Omit the pictures and reproduce the rest of the listing exactly.

Input data
================================

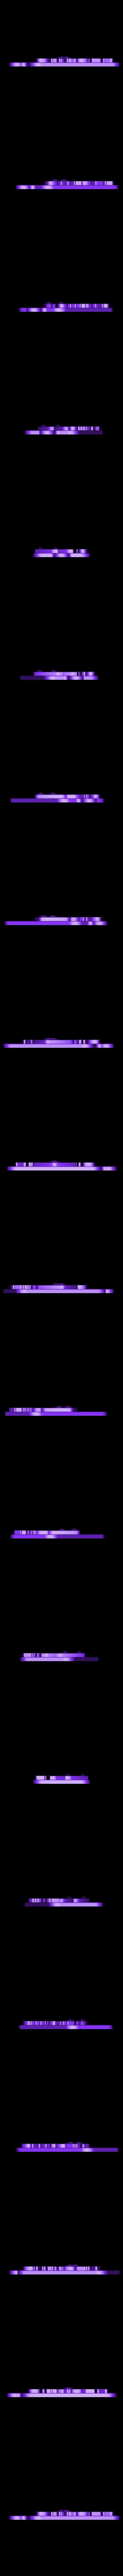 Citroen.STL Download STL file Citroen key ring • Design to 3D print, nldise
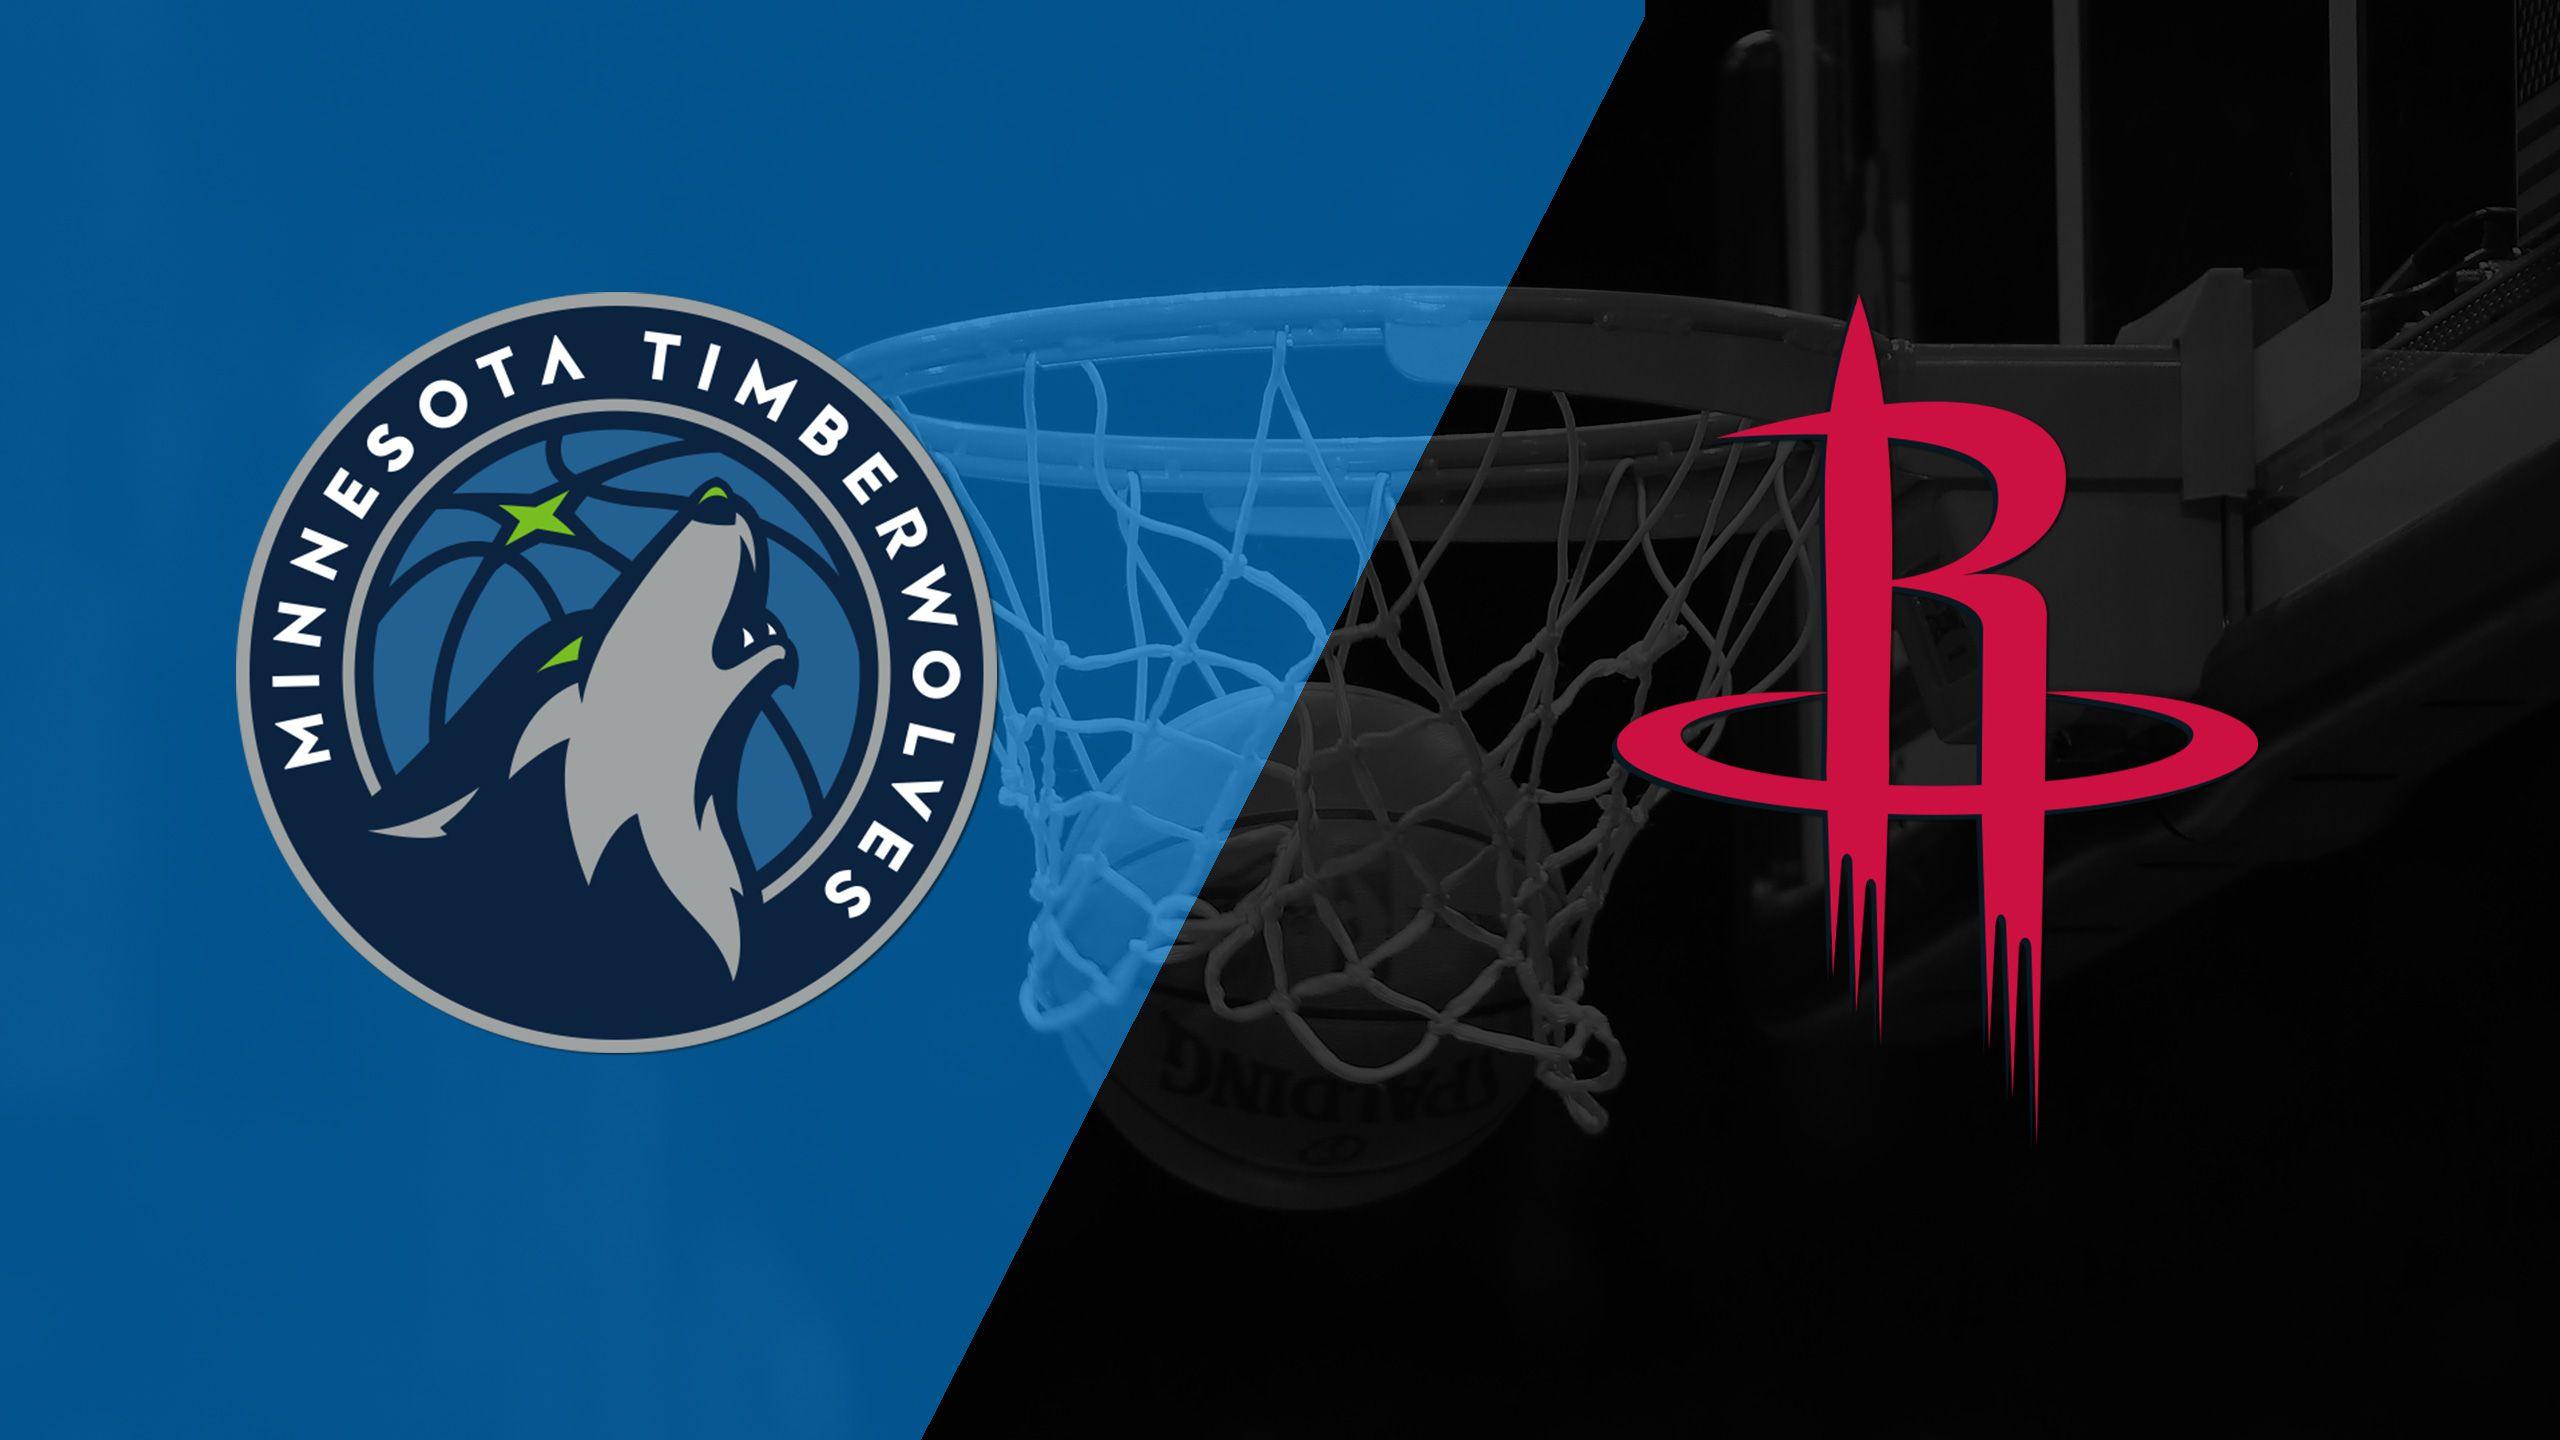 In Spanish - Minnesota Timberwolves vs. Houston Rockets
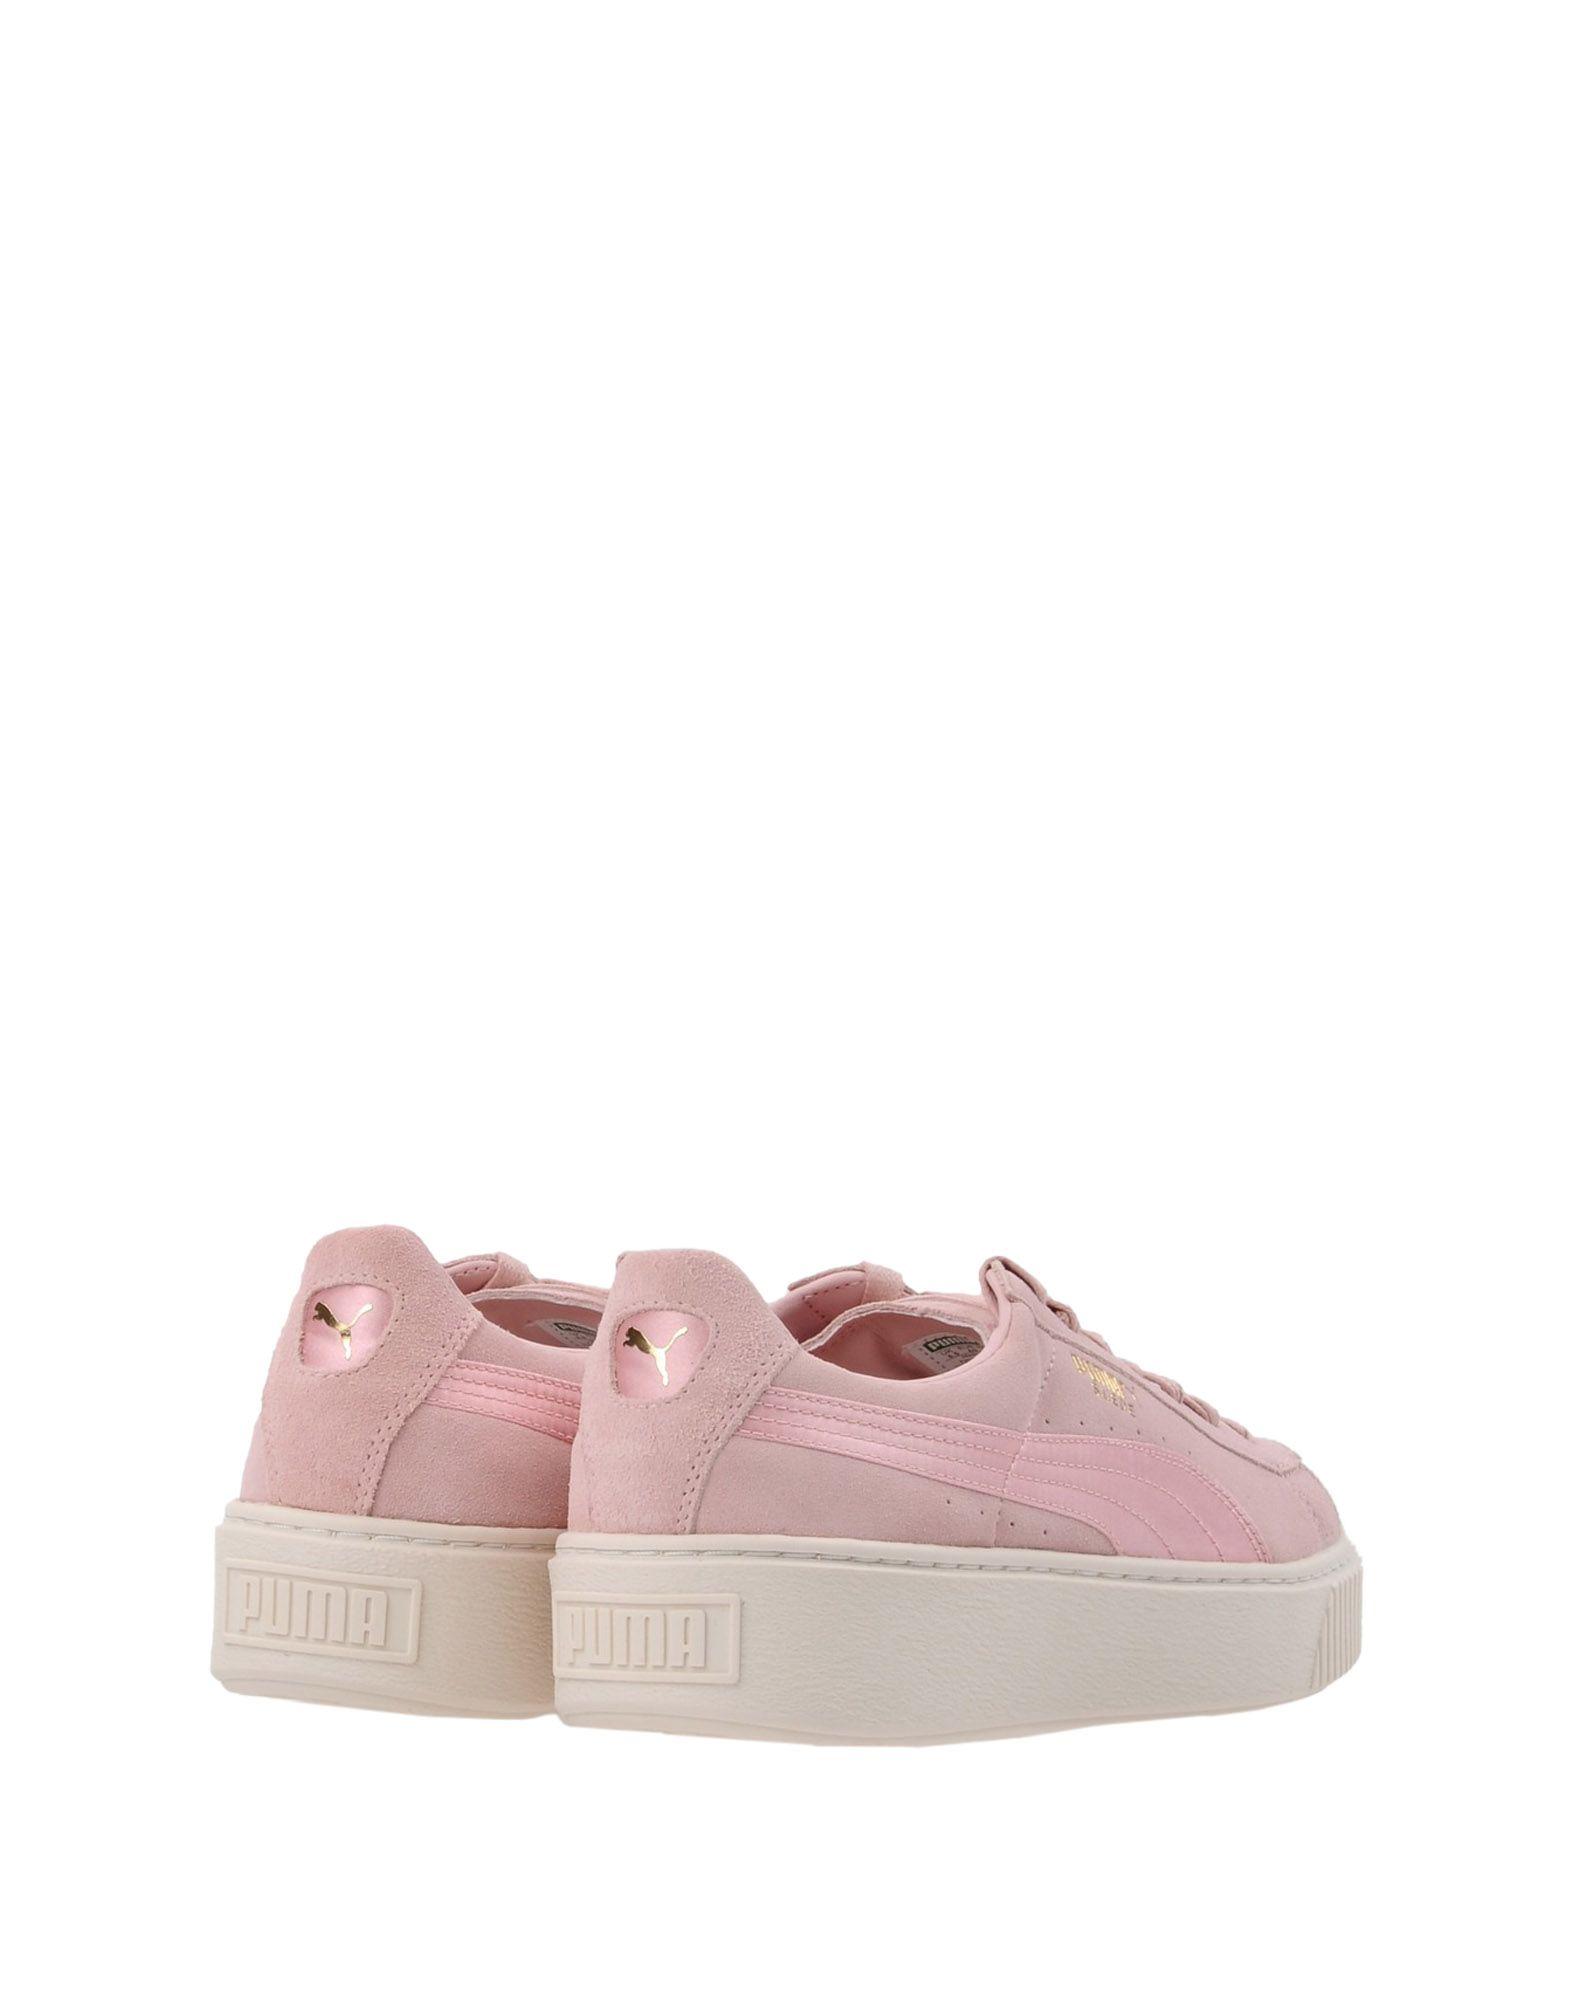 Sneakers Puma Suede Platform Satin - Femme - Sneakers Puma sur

================================

Response to the exercise
 Citroen.STL Download STL file Citroen key ring • Design to 3D print, nldise
 In Spanish - Minnesota Timberwolves vs. Houston Rockets
 Sneakers Puma Suede Platform Satin - Femme - Sneakers Puma sur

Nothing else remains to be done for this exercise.